===== MATERIALS PROVIDED
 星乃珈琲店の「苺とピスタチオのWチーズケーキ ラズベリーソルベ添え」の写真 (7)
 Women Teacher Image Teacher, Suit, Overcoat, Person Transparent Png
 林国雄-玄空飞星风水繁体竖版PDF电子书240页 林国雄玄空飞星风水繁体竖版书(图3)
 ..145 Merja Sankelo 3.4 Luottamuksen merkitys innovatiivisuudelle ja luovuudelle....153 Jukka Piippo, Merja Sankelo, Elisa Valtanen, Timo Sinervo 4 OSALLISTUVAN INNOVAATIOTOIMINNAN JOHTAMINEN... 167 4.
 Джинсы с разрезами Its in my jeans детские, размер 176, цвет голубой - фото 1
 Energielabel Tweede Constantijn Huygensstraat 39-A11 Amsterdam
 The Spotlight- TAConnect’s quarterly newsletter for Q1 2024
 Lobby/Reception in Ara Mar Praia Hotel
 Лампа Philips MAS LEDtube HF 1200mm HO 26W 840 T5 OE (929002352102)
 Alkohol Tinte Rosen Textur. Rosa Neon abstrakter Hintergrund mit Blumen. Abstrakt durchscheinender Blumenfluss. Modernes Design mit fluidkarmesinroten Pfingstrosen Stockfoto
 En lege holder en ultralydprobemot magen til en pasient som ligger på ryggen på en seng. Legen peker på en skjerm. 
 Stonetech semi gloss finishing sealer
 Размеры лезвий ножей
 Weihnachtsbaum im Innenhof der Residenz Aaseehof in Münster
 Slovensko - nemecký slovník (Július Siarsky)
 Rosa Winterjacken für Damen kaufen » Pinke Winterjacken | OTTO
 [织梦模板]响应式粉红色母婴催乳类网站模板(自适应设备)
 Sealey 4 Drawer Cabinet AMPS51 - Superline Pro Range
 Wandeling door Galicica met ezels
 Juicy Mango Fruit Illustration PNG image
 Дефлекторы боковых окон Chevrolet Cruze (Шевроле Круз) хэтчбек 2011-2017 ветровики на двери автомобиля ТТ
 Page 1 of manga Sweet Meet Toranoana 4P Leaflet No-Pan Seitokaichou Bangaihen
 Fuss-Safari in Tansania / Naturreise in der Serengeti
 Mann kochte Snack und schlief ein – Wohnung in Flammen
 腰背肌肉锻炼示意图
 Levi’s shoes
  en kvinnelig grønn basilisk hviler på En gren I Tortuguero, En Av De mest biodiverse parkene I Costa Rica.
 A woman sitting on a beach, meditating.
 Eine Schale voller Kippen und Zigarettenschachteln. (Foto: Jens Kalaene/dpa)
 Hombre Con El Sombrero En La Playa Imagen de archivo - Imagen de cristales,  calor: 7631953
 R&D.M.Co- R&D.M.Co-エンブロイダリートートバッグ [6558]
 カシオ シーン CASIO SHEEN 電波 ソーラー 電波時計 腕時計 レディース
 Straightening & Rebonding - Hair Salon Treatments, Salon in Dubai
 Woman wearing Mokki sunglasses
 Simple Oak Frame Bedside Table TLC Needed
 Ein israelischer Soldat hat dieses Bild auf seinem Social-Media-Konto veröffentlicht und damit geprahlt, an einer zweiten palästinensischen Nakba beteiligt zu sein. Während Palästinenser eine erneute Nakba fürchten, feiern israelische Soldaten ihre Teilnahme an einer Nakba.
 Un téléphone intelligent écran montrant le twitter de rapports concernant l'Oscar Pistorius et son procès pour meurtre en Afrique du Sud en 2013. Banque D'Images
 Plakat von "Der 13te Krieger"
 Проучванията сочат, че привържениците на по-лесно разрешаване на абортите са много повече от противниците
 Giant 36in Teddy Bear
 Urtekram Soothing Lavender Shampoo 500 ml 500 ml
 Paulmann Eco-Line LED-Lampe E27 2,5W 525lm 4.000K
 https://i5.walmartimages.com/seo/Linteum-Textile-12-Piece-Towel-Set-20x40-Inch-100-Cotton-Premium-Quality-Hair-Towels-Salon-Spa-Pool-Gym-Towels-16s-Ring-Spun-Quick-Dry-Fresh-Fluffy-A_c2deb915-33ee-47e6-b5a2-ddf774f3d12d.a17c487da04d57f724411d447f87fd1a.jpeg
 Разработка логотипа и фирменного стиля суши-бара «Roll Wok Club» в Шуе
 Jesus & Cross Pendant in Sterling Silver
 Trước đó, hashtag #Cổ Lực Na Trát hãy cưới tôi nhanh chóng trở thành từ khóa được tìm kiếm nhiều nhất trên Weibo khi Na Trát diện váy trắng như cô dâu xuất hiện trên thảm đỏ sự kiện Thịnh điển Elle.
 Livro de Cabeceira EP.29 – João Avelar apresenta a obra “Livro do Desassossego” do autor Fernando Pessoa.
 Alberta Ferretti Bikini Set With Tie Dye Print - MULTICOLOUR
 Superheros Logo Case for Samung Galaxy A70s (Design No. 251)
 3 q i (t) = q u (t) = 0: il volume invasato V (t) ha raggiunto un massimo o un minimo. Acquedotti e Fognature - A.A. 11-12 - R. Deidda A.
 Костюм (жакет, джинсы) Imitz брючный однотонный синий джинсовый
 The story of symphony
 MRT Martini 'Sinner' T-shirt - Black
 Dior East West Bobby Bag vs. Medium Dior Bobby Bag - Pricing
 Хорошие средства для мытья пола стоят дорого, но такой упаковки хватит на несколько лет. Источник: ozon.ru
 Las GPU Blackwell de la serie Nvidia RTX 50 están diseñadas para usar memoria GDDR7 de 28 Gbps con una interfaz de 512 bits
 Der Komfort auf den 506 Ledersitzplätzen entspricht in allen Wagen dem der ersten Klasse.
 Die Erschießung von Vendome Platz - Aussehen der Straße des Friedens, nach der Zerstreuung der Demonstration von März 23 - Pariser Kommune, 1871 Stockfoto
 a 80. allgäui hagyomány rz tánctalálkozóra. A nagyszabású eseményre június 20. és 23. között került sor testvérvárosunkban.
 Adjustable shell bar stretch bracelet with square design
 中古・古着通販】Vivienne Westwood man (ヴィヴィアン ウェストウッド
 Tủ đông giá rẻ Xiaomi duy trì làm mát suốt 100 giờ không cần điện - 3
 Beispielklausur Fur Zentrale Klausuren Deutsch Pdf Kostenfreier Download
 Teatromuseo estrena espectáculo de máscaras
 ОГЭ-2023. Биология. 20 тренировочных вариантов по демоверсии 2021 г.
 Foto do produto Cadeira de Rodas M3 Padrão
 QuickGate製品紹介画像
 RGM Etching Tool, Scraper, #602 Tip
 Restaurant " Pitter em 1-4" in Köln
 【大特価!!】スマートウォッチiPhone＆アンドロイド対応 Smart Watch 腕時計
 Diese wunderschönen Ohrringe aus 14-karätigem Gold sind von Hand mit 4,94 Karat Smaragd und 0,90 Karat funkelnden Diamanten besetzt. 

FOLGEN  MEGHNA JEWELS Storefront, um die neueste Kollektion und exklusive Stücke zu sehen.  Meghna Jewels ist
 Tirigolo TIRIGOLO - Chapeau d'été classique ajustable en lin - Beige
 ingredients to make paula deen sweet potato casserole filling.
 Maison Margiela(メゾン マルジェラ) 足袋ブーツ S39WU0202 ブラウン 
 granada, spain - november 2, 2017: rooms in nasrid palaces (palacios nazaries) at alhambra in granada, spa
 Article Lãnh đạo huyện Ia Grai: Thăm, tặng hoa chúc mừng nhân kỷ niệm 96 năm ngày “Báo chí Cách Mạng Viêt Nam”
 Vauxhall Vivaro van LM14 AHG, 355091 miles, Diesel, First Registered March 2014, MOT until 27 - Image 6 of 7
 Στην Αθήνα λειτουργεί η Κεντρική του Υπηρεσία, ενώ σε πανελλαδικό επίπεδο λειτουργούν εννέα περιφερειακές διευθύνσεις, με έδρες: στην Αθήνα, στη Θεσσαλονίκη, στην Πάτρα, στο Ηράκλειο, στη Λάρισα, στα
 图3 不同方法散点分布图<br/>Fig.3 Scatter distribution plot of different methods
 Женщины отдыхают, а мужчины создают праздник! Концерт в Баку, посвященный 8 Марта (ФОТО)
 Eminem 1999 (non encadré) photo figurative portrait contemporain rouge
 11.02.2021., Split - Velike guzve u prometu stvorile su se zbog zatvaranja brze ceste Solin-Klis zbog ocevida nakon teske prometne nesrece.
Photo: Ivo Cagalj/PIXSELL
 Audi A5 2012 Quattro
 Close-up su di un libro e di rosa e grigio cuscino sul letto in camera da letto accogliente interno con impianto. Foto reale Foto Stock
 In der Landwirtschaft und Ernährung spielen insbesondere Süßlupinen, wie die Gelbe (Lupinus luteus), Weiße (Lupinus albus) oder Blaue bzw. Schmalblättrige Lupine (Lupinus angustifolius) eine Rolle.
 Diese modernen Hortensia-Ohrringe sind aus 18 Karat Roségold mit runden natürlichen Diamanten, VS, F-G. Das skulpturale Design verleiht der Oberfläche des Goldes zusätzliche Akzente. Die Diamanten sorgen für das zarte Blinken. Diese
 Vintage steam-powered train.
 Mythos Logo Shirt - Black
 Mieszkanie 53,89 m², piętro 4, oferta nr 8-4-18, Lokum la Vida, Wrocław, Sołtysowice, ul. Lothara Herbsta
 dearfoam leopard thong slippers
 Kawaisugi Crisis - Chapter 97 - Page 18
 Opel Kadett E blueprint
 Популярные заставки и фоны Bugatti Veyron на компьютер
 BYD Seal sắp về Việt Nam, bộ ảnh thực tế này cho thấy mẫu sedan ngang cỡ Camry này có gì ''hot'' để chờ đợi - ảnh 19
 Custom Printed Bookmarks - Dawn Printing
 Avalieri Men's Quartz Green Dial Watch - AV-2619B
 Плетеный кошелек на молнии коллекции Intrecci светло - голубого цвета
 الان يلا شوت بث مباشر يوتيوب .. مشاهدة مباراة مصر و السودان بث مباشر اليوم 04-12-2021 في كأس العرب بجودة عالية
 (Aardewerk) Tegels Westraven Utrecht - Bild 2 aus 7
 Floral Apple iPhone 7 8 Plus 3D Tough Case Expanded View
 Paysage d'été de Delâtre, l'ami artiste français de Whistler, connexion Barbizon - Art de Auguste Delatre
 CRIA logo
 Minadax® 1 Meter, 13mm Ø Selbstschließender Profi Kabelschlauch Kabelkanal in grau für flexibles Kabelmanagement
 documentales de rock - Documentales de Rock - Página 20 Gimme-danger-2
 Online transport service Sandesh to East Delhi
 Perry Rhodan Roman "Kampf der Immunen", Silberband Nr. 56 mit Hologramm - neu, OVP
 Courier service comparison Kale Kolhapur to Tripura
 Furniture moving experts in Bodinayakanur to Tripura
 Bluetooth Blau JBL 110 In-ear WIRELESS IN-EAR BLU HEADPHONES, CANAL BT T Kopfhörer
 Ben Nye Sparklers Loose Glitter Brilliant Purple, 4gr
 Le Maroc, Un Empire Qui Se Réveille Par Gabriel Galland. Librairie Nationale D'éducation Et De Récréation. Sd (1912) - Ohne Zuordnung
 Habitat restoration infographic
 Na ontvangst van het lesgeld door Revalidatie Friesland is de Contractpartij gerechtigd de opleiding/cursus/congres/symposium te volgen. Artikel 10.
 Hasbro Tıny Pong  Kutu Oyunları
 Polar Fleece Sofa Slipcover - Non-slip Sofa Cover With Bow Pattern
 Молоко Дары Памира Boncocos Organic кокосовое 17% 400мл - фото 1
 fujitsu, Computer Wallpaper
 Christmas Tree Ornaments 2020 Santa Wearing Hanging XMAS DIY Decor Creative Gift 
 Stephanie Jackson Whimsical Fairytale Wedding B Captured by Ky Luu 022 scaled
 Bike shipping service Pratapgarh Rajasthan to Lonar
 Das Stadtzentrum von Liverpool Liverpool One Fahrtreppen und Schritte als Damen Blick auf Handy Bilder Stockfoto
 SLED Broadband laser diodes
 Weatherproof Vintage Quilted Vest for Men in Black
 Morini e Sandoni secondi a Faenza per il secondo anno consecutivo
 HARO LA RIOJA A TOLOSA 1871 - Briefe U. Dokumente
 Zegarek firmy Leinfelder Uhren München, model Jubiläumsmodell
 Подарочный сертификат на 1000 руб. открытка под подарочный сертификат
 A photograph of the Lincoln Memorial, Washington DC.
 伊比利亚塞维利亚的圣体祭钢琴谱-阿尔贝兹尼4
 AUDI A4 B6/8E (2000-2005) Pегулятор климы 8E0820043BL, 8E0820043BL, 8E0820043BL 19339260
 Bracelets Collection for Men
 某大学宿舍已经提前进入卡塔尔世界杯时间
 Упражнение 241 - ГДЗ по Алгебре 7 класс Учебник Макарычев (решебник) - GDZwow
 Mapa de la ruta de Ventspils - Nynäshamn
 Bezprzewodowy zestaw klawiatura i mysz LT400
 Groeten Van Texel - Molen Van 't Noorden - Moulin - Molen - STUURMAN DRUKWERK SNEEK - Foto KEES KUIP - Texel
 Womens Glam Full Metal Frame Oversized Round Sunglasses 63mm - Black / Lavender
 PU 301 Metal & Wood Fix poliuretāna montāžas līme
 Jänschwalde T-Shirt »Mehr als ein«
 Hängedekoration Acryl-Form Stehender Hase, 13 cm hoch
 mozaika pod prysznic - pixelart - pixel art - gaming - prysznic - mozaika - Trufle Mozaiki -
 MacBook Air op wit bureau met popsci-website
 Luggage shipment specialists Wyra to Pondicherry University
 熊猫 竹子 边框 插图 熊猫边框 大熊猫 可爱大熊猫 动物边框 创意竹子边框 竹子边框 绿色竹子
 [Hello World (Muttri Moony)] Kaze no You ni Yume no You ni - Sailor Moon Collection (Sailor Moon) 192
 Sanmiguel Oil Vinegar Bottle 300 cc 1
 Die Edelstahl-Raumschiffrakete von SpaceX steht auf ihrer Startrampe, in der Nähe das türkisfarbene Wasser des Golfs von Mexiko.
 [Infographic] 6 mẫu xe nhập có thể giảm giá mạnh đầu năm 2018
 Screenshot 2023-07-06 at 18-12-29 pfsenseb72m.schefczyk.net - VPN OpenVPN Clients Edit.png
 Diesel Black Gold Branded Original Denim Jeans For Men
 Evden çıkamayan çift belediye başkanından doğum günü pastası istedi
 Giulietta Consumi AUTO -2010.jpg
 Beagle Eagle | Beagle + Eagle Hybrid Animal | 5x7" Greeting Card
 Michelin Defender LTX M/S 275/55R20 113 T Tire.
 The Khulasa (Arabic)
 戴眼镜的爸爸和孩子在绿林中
==========
**DIRECTIONS**
Look through the entries above. Copy out every line holding the word "Ohrringe".

**RESPONSE**
 Diese wunderschönen Ohrringe aus 14-karätigem Gold sind von Hand mit 4,94 Karat Smaragd und 0,90 Karat funkelnden Diamanten besetzt. 
 Diese modernen Hortensia-Ohrringe sind aus 18 Karat Roségold mit runden natürlichen Diamanten, VS, F-G. Das skulpturale Design verleiht der Oberfläche des Goldes zusätzliche Akzente. Die Diamanten sorgen für das zarte Blinken. Diese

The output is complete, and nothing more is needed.